21. In the present case, as noted hereinabove, the appellant has been convicted for the offences punishable under Section 308/324 of the IPC, for causing injuries to PW-2 and PW-3 by a screw driver. The testimonies of PW-2 and PW- 3 are inherently full of contradictions with respect to presence of other persons alongwith them at the spot. It is also pertinent to note that it is highly improbable that the appellant who had no animosity with PW-2 and PW-3, without any quarrel, would come and simply attack them with a screw driver for performing a pooja, as alleged by them. On the other hand, the defence put forth by the appellant on the test of preponderance of probabilities inspires confidence.

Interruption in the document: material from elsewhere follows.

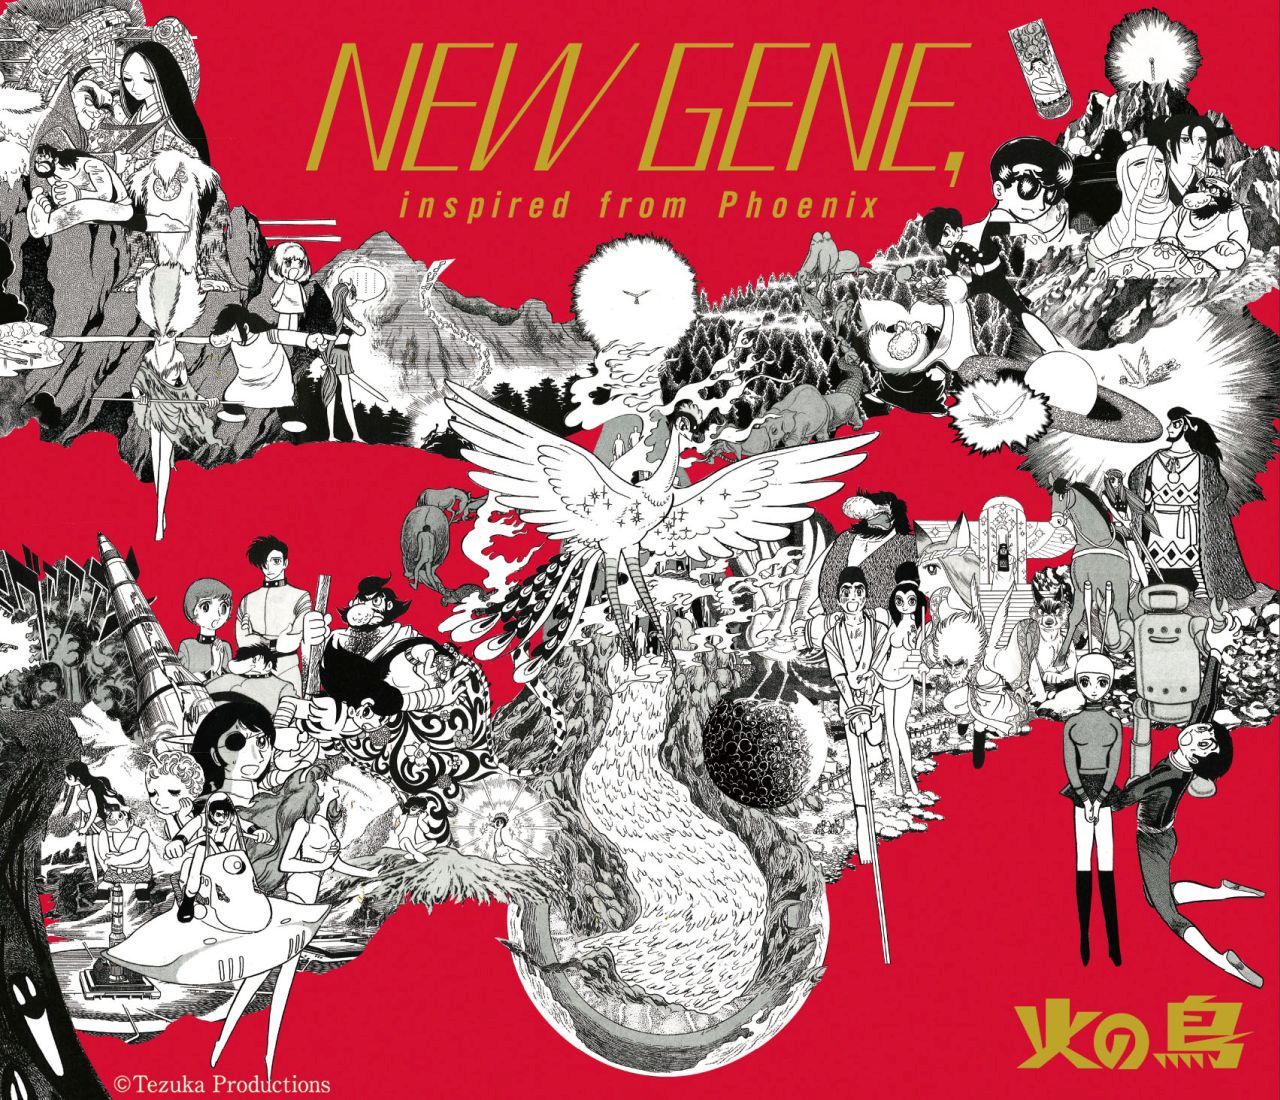 手塚治虫生誕90周年記念 火の鳥 COMPILATION ALBUM 『NEW GENE, inspired from Phoenix』画像

22. The investigation conducted in the present FIR was not fair. The explanation by the IO/PW-10 as to why the persons, who were, admittedly, present at the spot were not examined is contrary to facts of the case.

23. Similarly, the MLCs of the appellant and his father were not placed on record and, in fact, IO/PW-10 goes to the extent of denying the same despite they being part of the police file and subsequently, brought on record from the concerned hospital authorities. It has further come on record that the appellant had informed the police about the said incident at the first instance.

24. In view of the aforesaid circumstances and evidence discussed hereinabove, this Court is of the opinion that the prosecution case against the appellant has not been proved beyond reasonable doubt.

25. Accordingly, the appeal is allowed, the judgment of conviction dated 21.07.2003 and order on sentence dated 22.07.2003 qua the appellant are set aside.

26. The appellant is acquitted for the offences punishable under Sections 308/324 of the IPC.

27. Bail bonds stand discharged.

28. The appeal stands disposed of accordingly.

29. Pending applications, if any, also stands disposed of accordingly.

30. Copy of the judgment be sent to the concerned Jail Superintendent for necessary information and compliance.

31. Judgment be uploaded on the website of this Court forthwith.